[EXERCISE DETAILS]:
Exact copy, no pictures: every line from the one that contains "Aesthetic Contemporary Dentistry" through the end of the data below, and nothing else.

[DATA BELOW]:
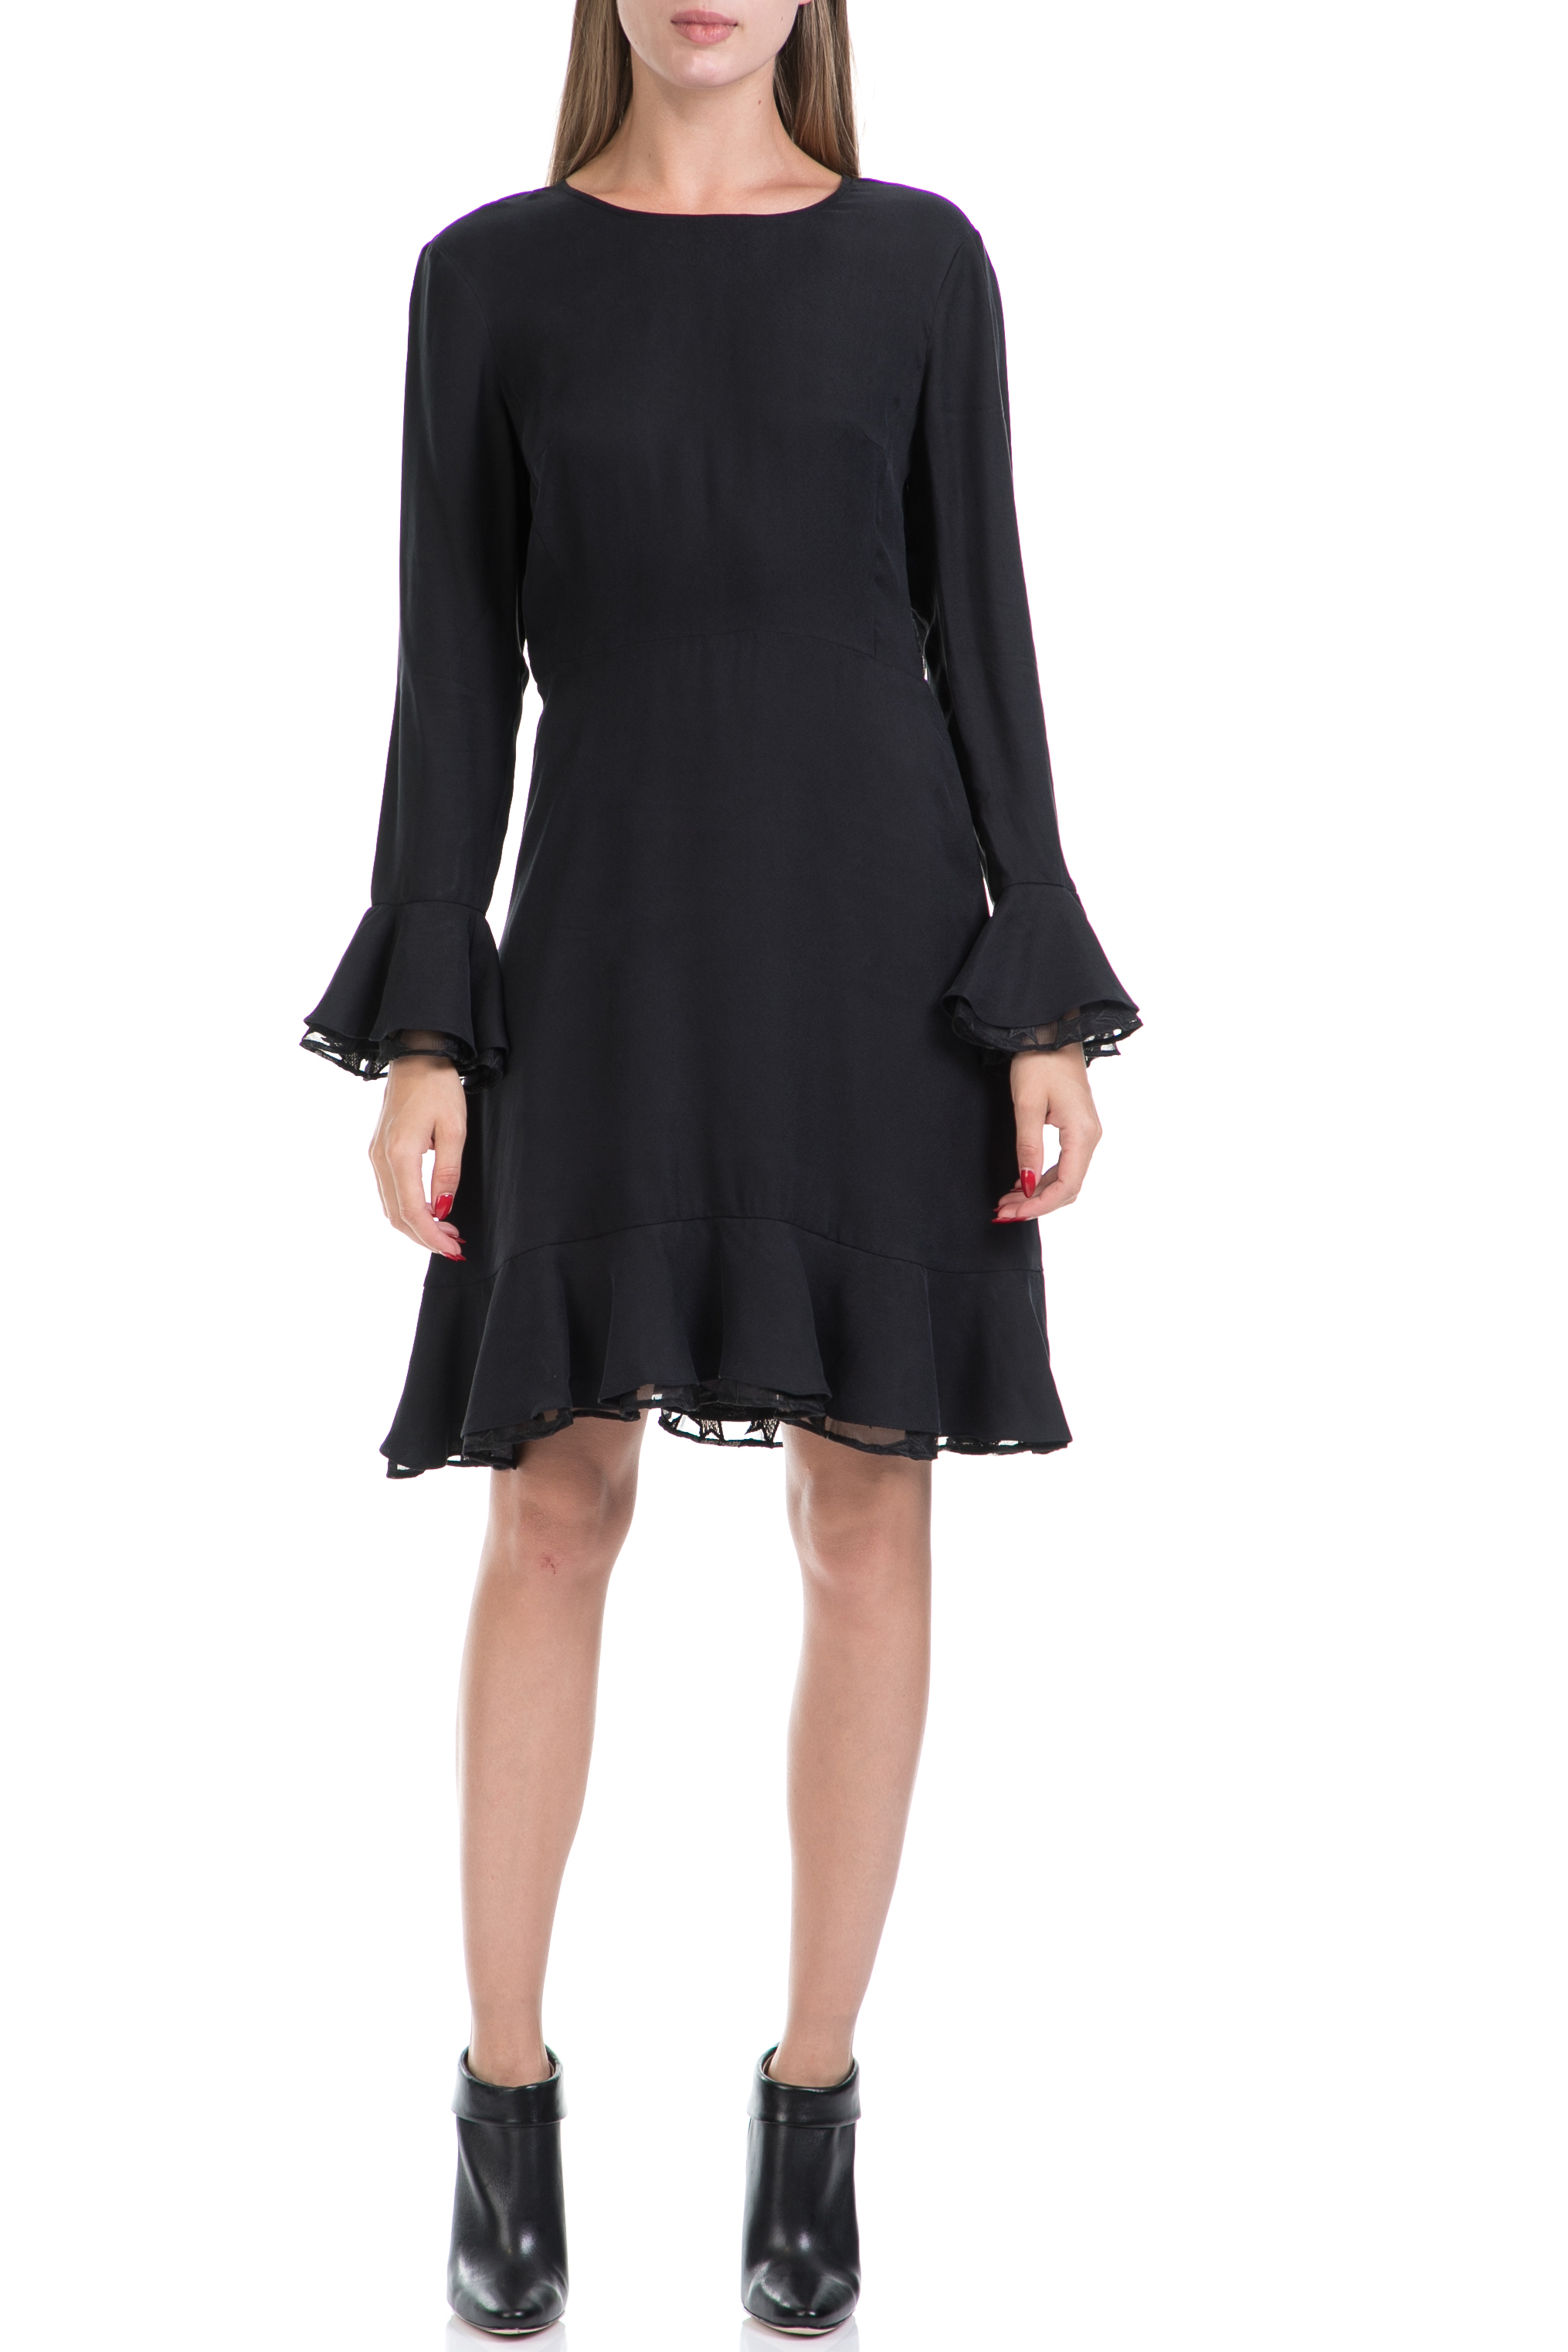 dc7f371e248 SCOTCH & SODA - Γυναικείο φόρεμα MAISON SCOTCH μαύρο ⋆ pressmedoll.gr
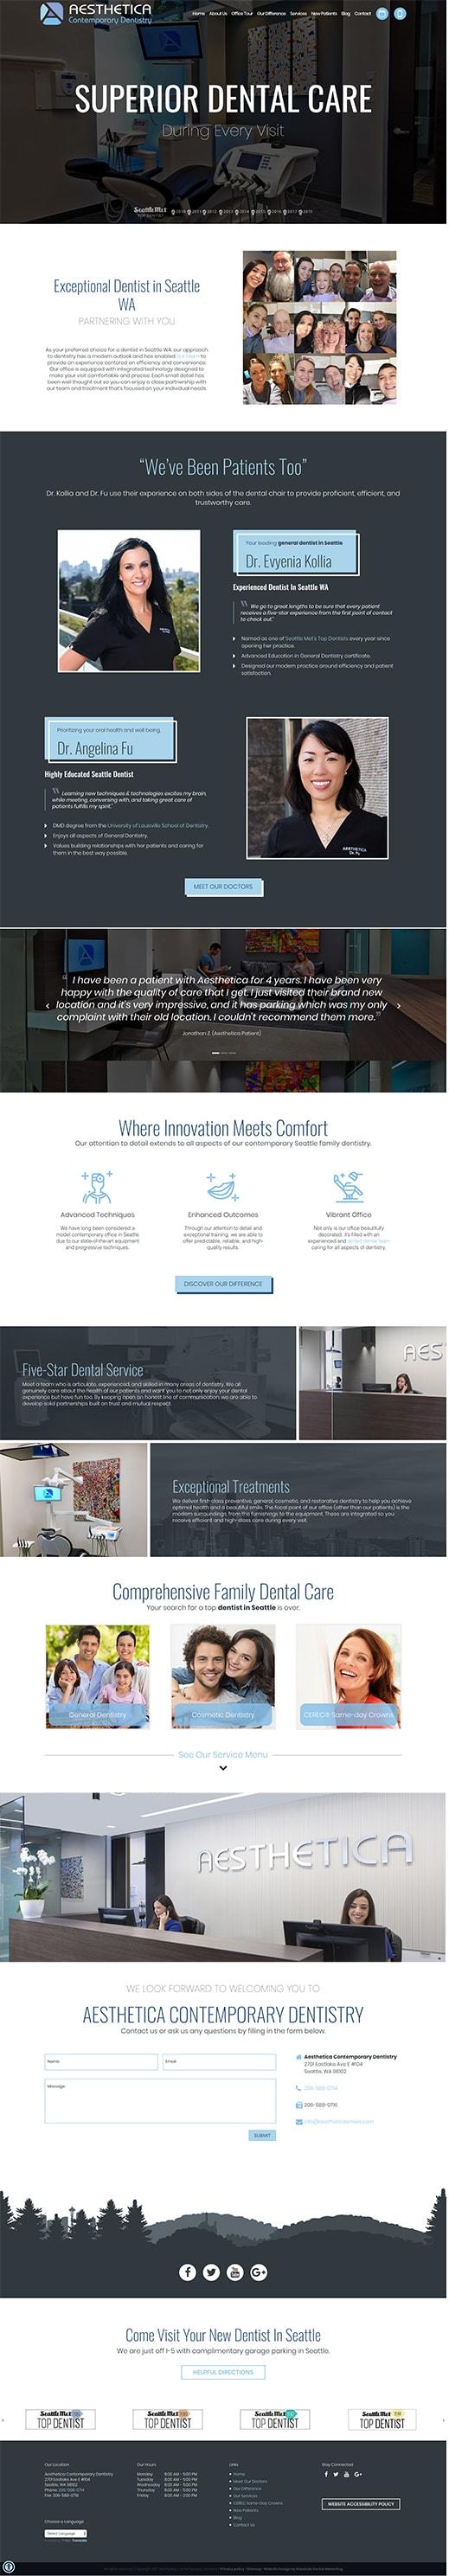 Aesthetic Contemporary Dentistry screenshot of their new responsive dental website on desktop
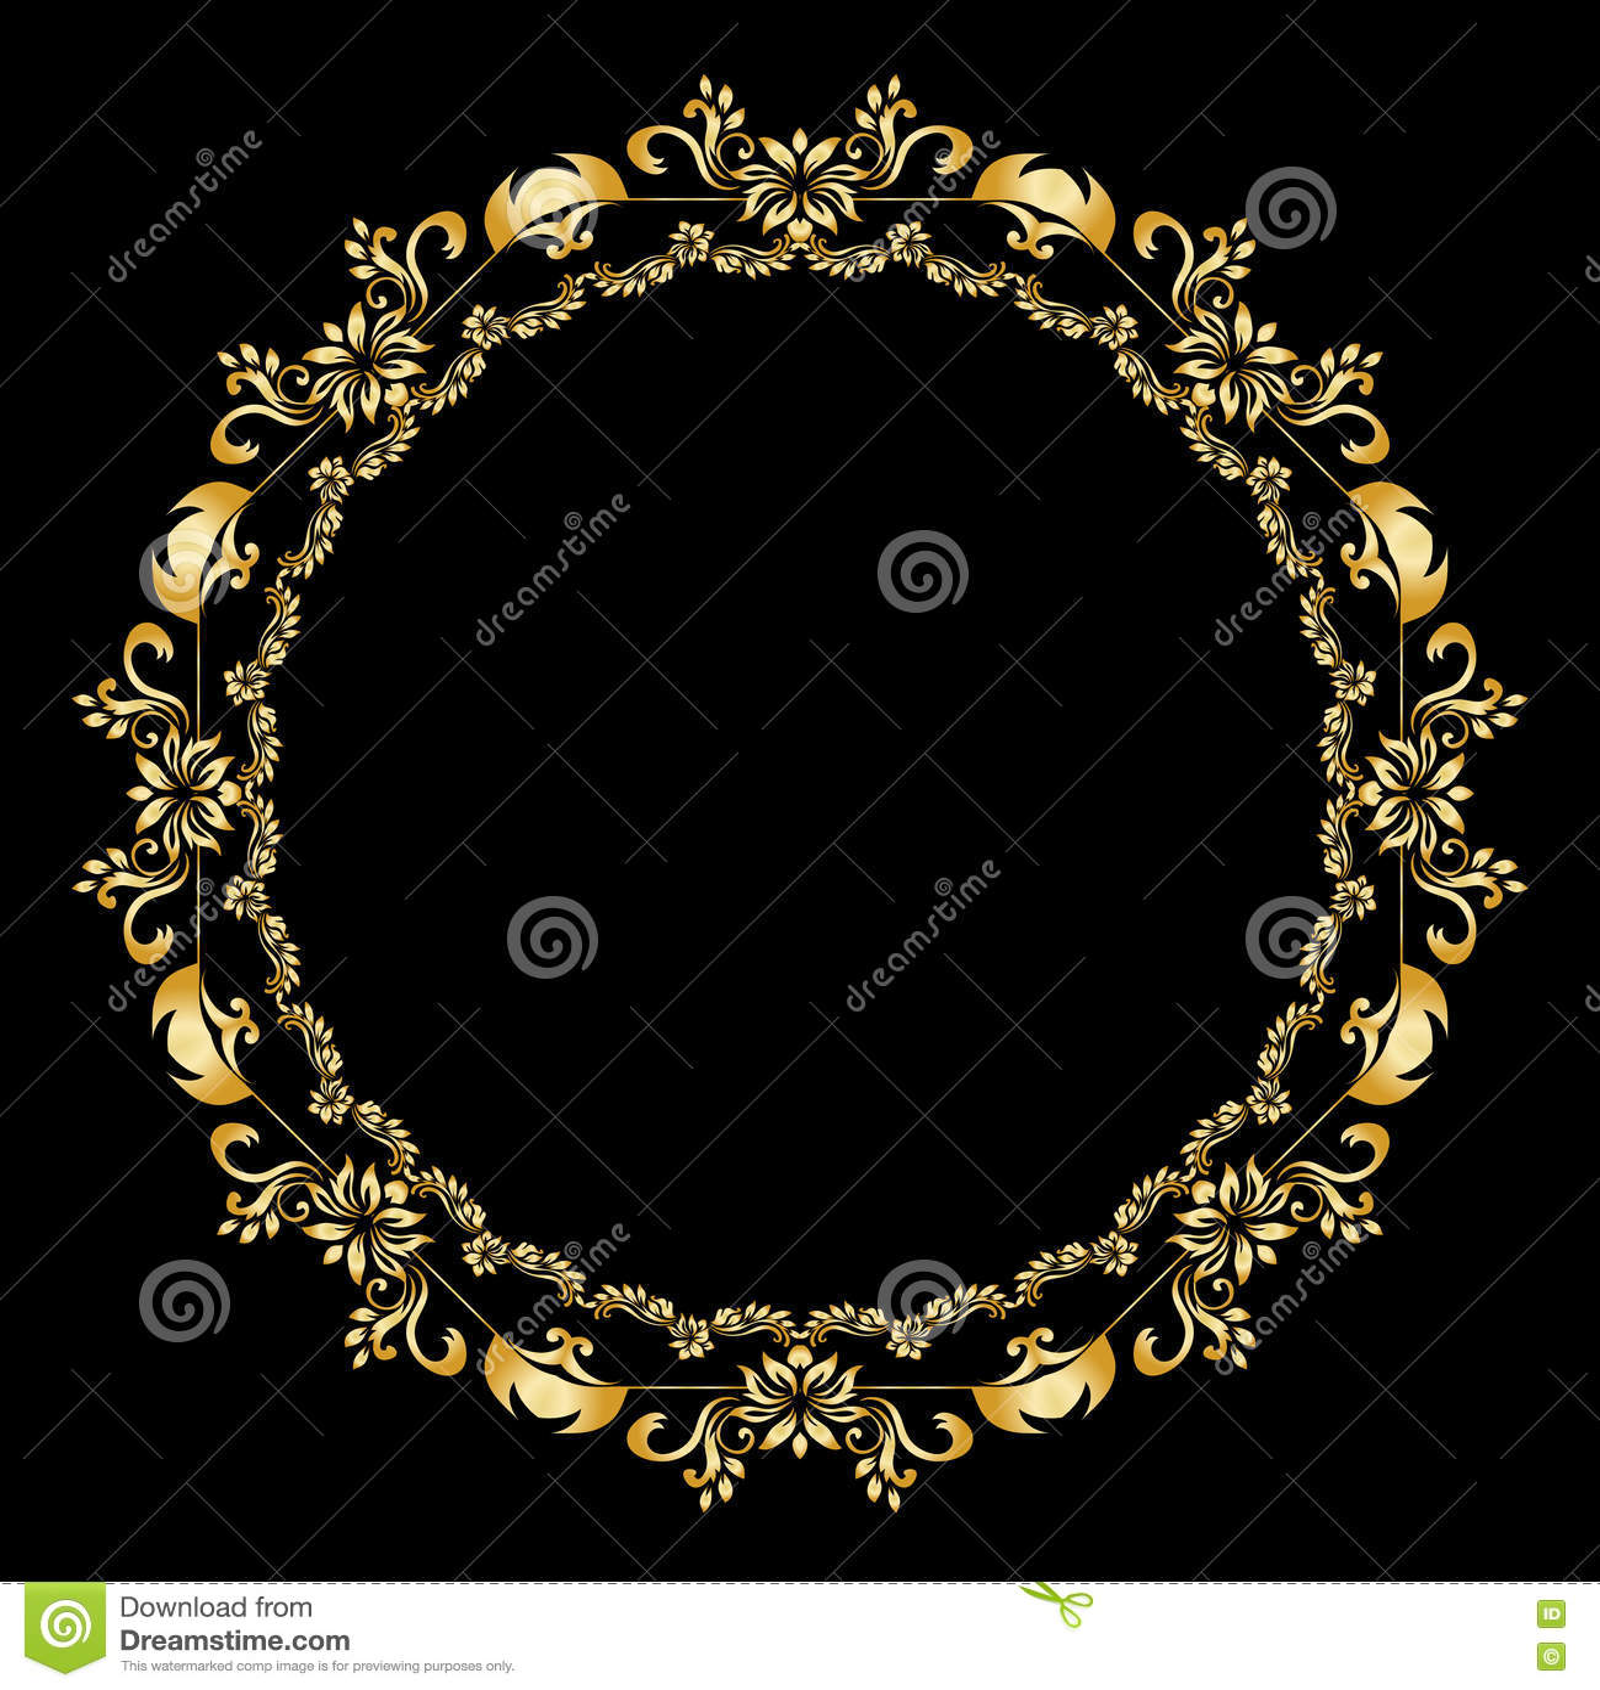 Golden calligraphic vector design elements on the black background golden calligraphic vector design elements on the black background gold menu and invitation border round framedivider filigree badge stopboris Gallery

[EXPECTED ANSWER]:
 Aesthetic Contemporary Dentistry screenshot of their new responsive dental website on desktop
 Golden calligraphic vector design elements on the black background golden calligraphic vector design elements on the black background gold menu and invitation border round framedivider filigree badge stopboris Gallery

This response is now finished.